The records are to be repeated exactly, and any images in them are to be dropped.

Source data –
---*---
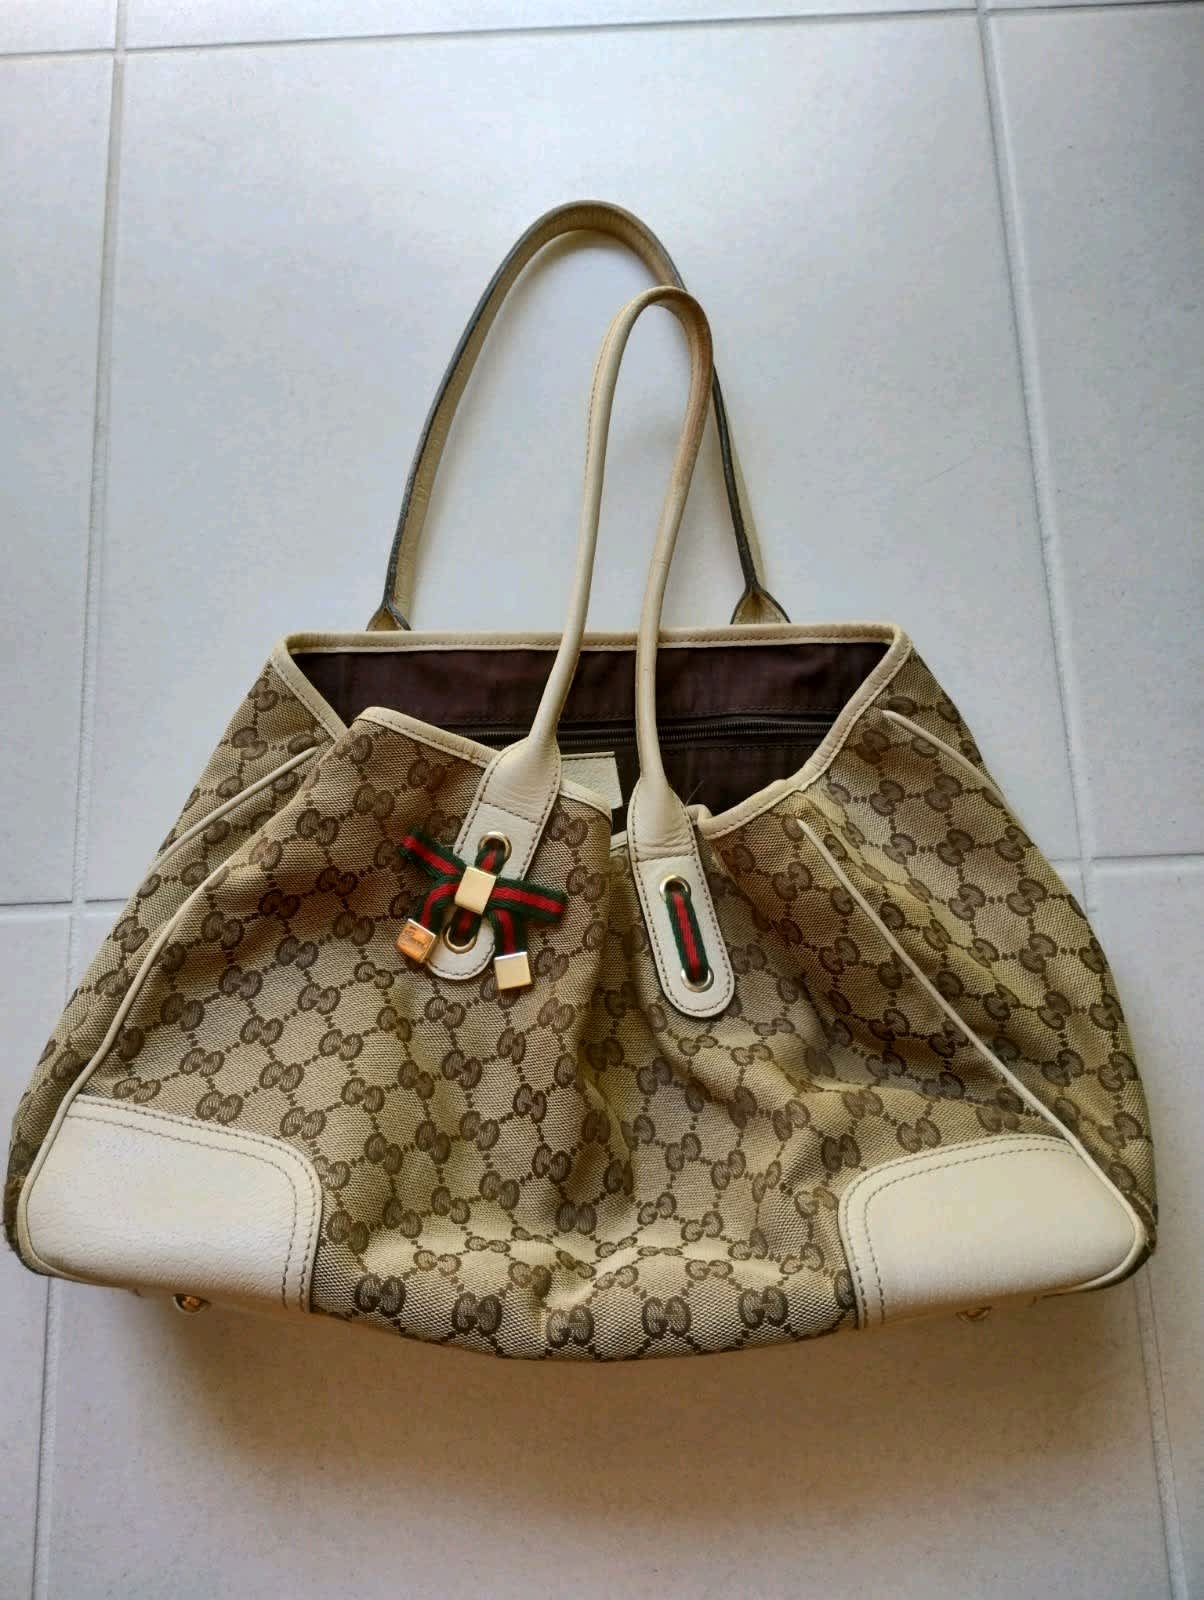 Meghashop on X: Buy Affordable and Designer Fendi #Bags Australia
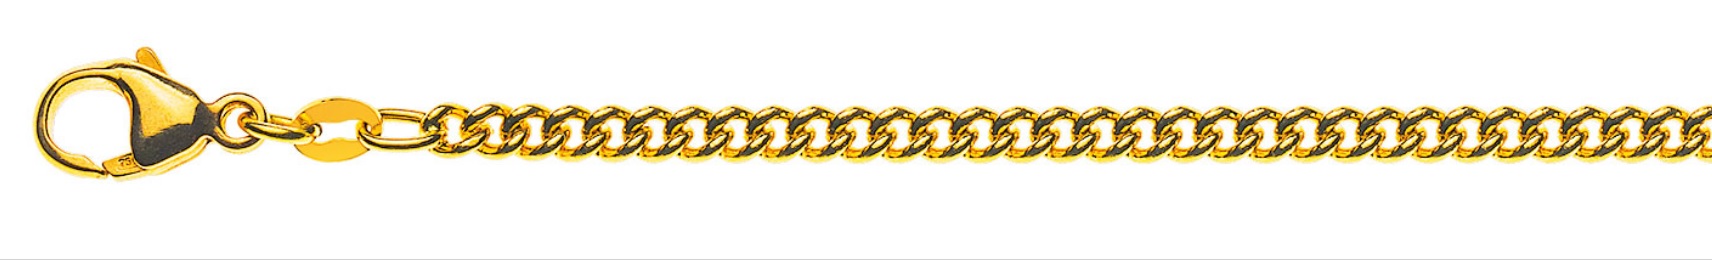 AURONOS Prestige Necklace yellow gold 18K round curb chain 60cm 2.8mm
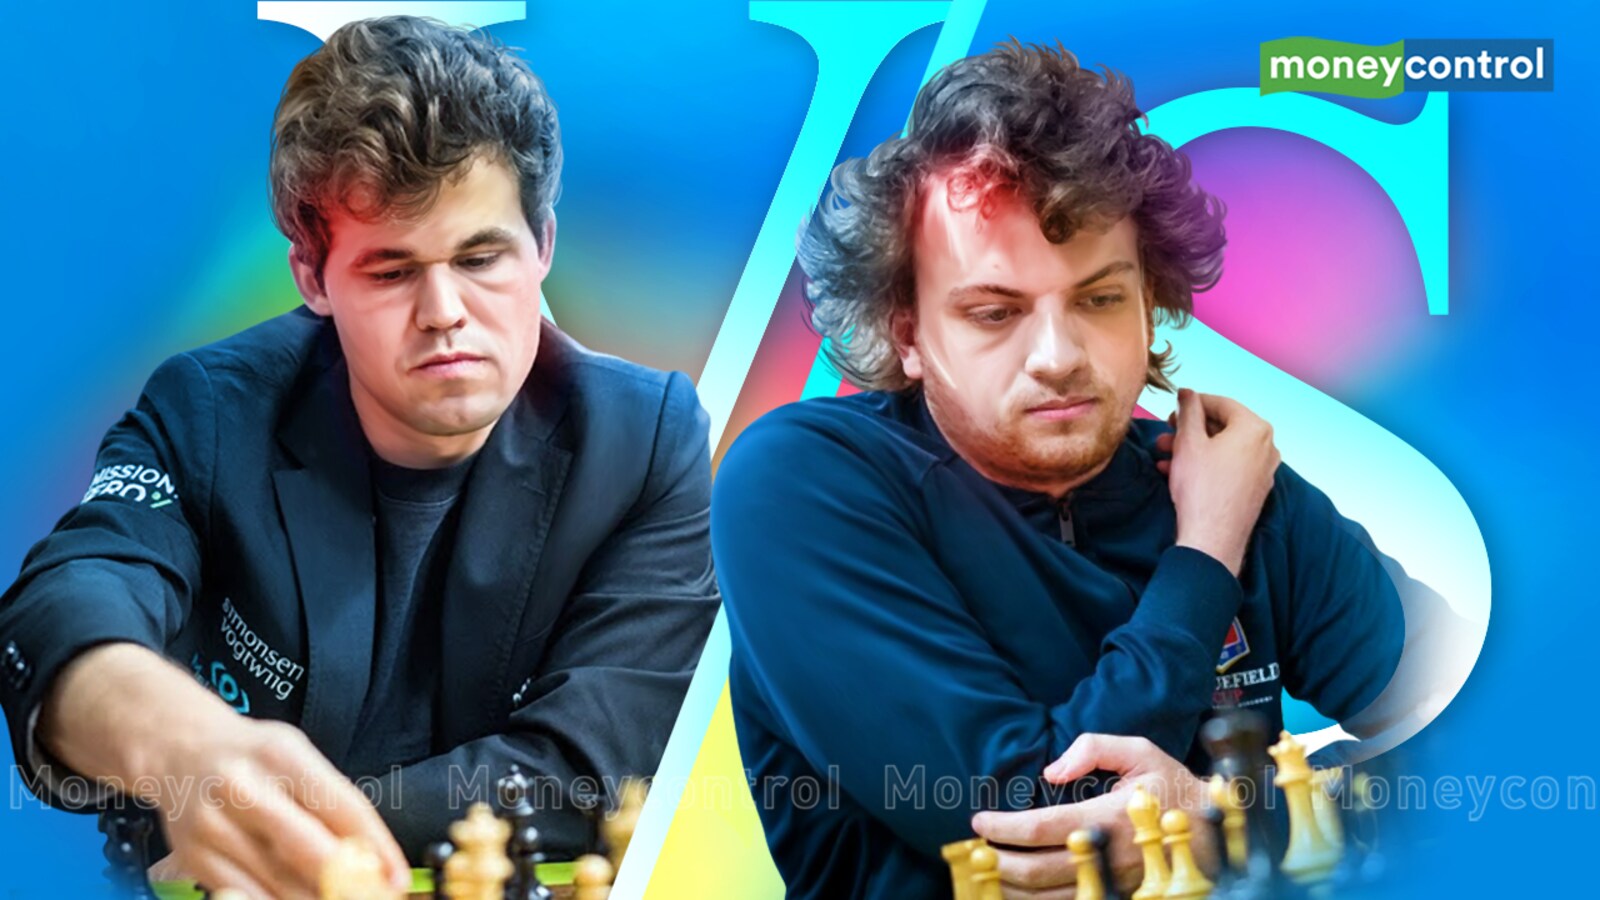 FIDE criticises Carlsen for his conduct in the Niemann Saga
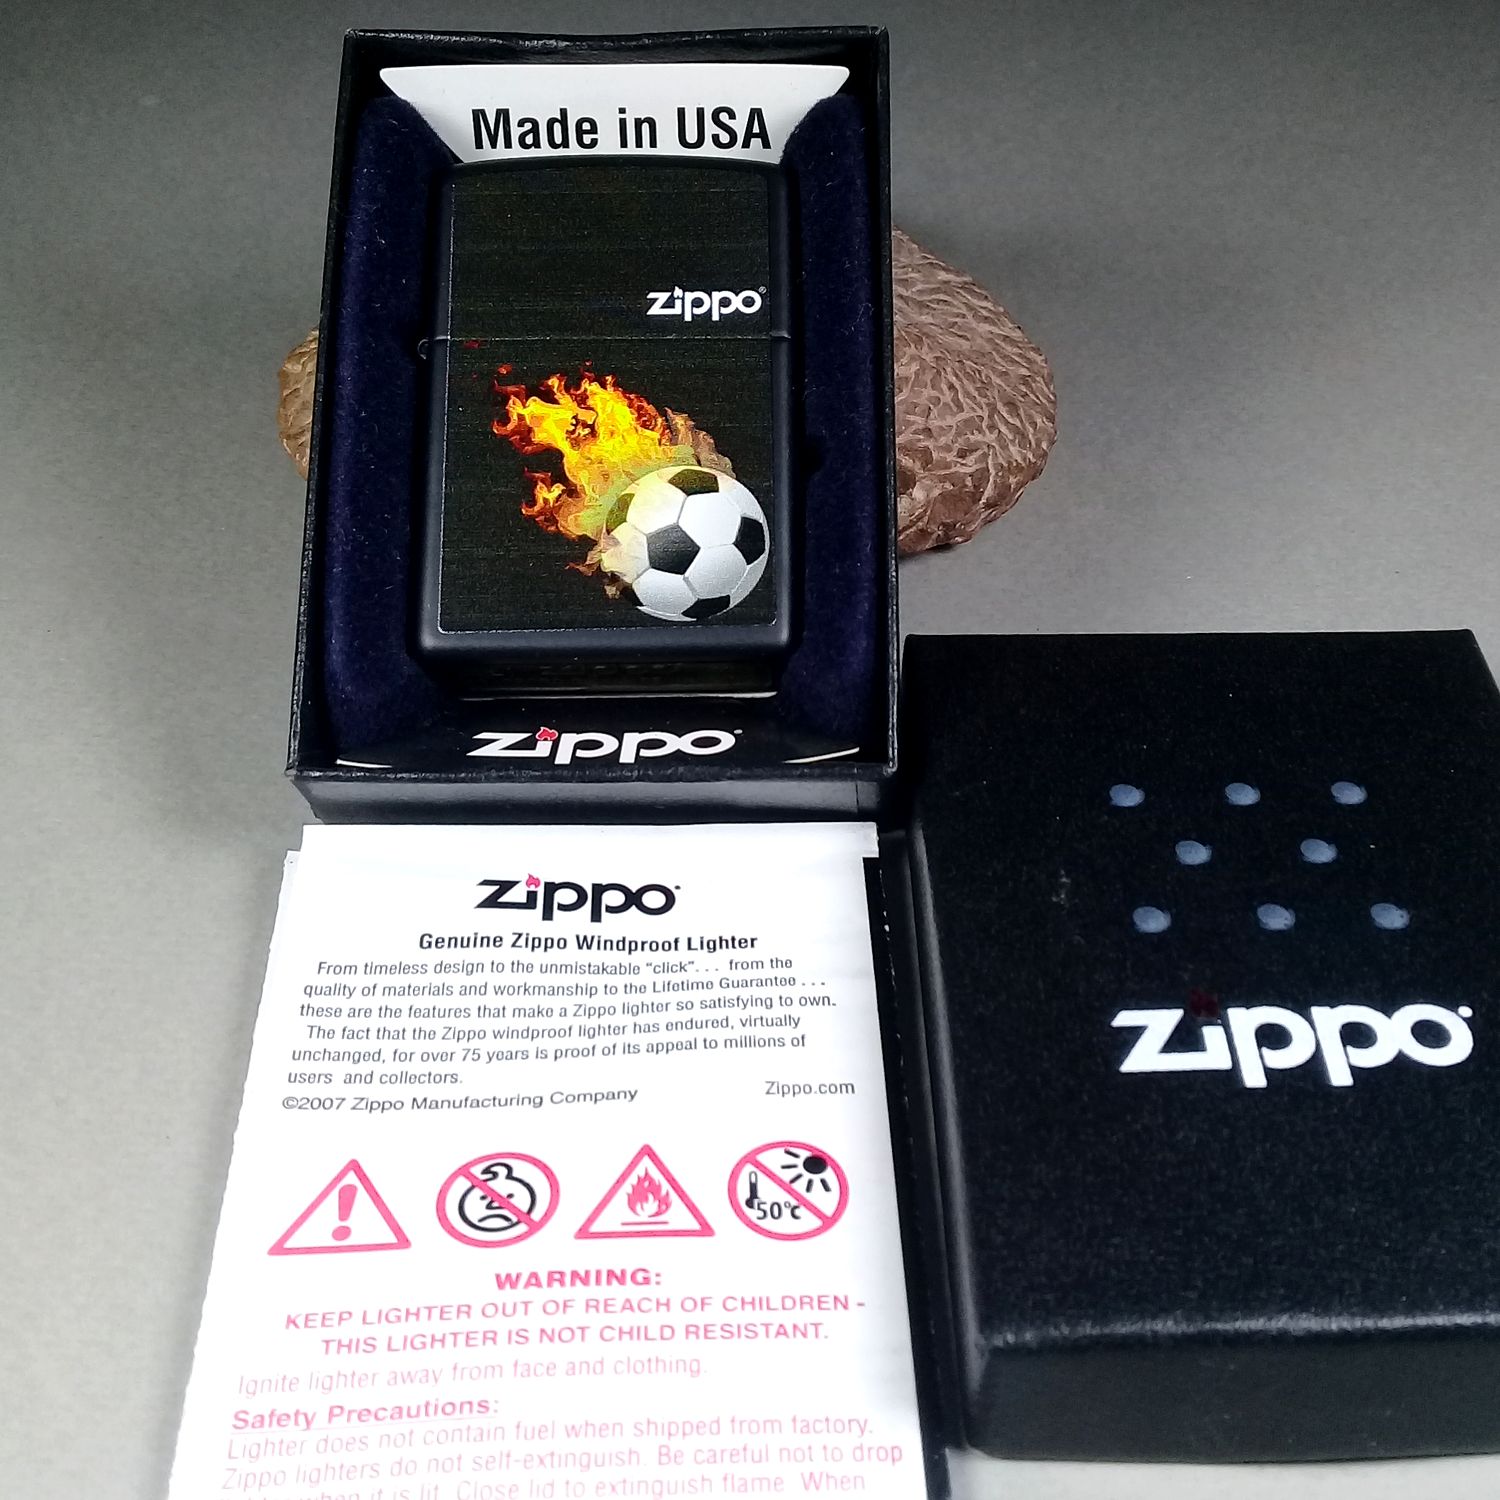 Zippo Futebol Soccer Football Limited Edition Unlit Lighter in Box
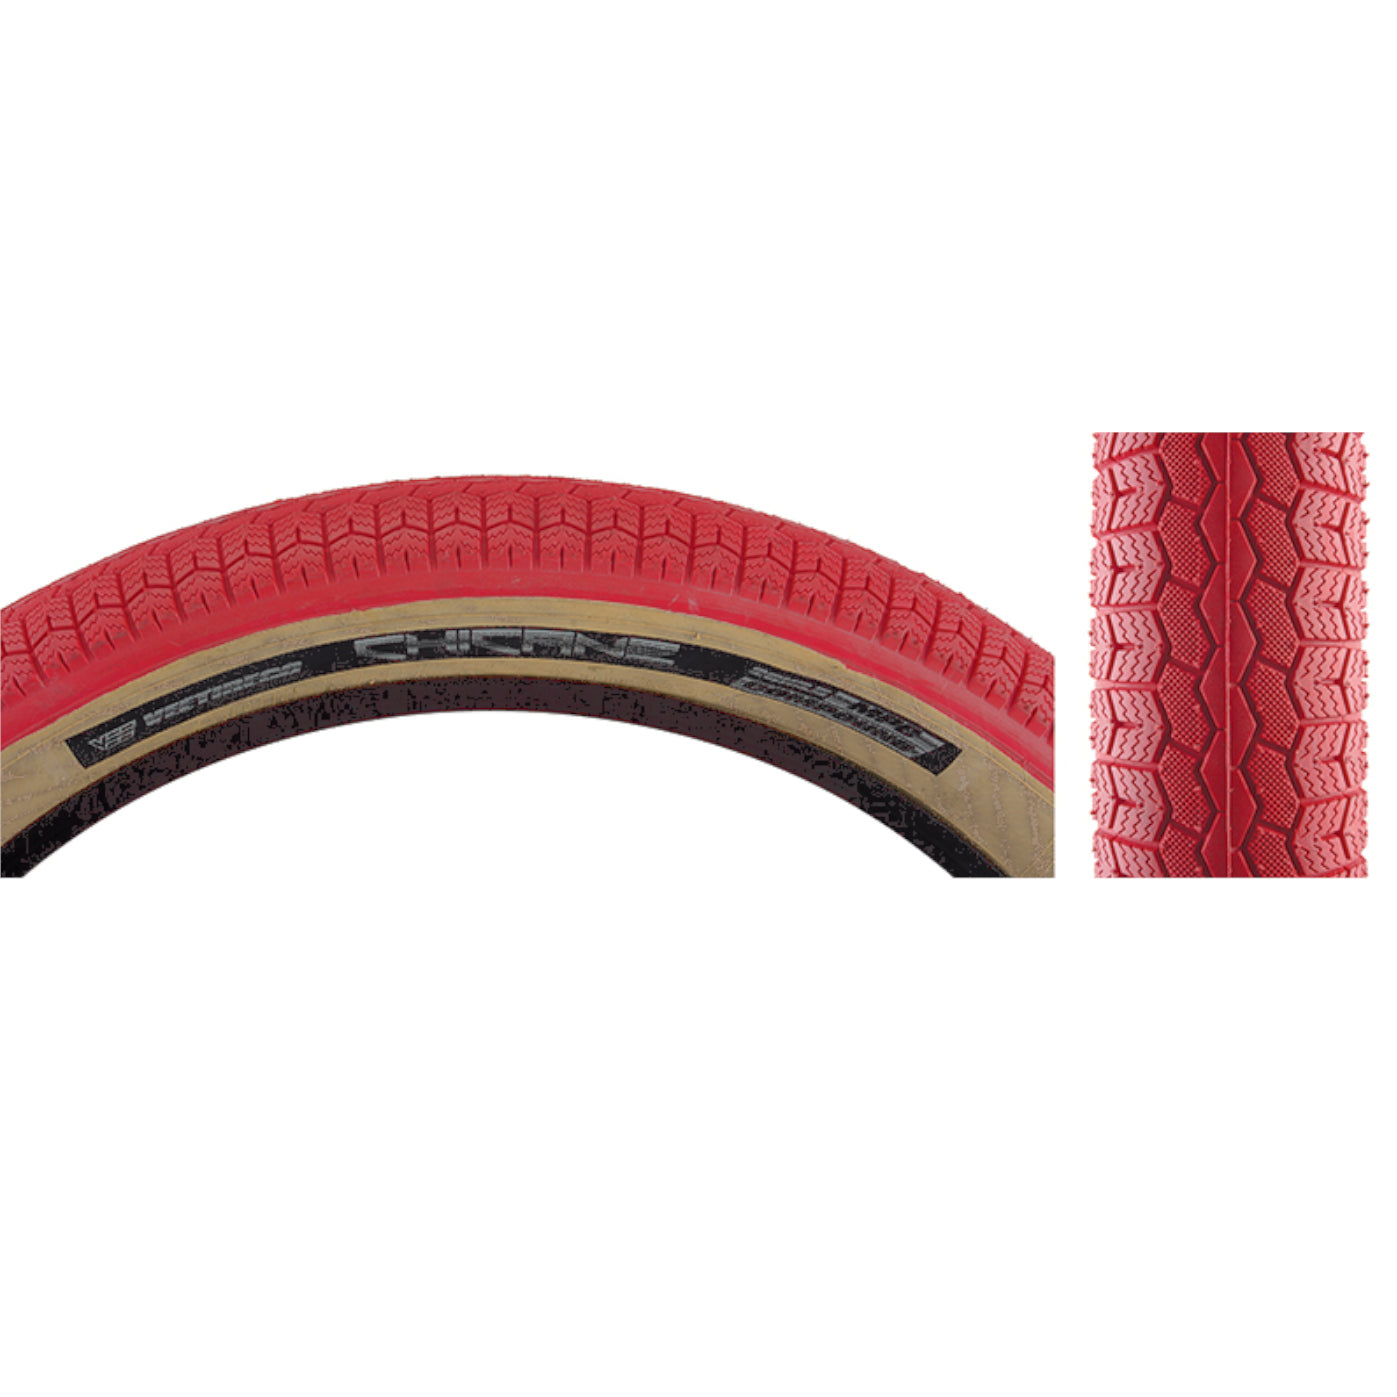 Buy red SE BIKES Chicane 26x3.50 Tire
---*---
ANSWER –
 Meghashop on X: Buy Affordable and Designer Fendi #Bags Australia
 AURONOS Prestige Necklace yellow gold 18K round curb chain 60cm 2.8mm
 FIDE criticises Carlsen for his conduct in the Niemann Saga
 Zippo Futebol Soccer Football Limited Edition Unlit Lighter in Box
 Buy red SE BIKES Chicane 26x3.50 Tire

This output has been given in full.